Memory leak on large server

Bug #2023143 reported by Ariel E
10
This bug affects 1 person
Affects Status Importance Assigned to Milestone
linux (Ubuntu)
Confirmed
Undecided
Unassigned

Bug Description

Hi,
We are trying to diagnose a kernel memory look on a production Ubuntu 22.04.2 LTS.
We have tried several official Ubuntu kernels, 5.15aws, 5.19aws and now even 6.2.0-1004-aws (all Ubuntu signed):
```
# cat /proc/version_signature
Ubuntu 6.2.0-1004.4-aws 6.2.6
```

This is a production server so we'll appreciate any and all help diagnosing and solving this issue!

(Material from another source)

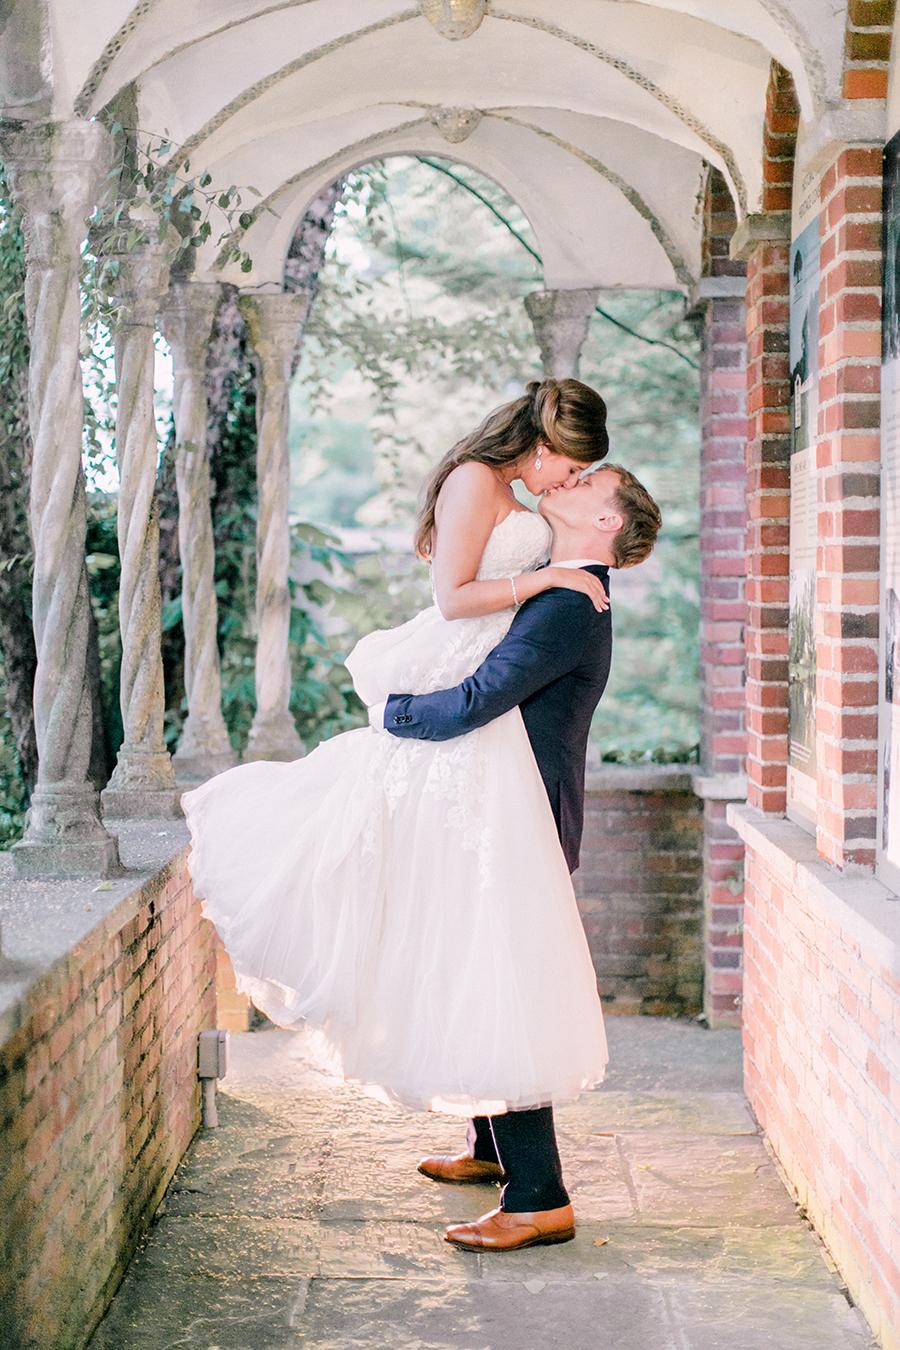 A Romantic Fairytale Wedding At Aldie Mansion Emily Wren Photography Philly In Love Philadelphia Wedding Blog Venues Vendors

The server is an u-112 instance with 12TB RAM, and is losing 1TB+ of memory a day to a kernel leak.
For example, currently with an uptime of 3.5 days, we have 1.8Ti available, however RSS+slabs is only 4.1TB.

all active process together take about 4TB of RAM (`ps -eo rss | awk 'BEGIN {x=0} {x = x + $1} END {print x}'` gives 4088636708).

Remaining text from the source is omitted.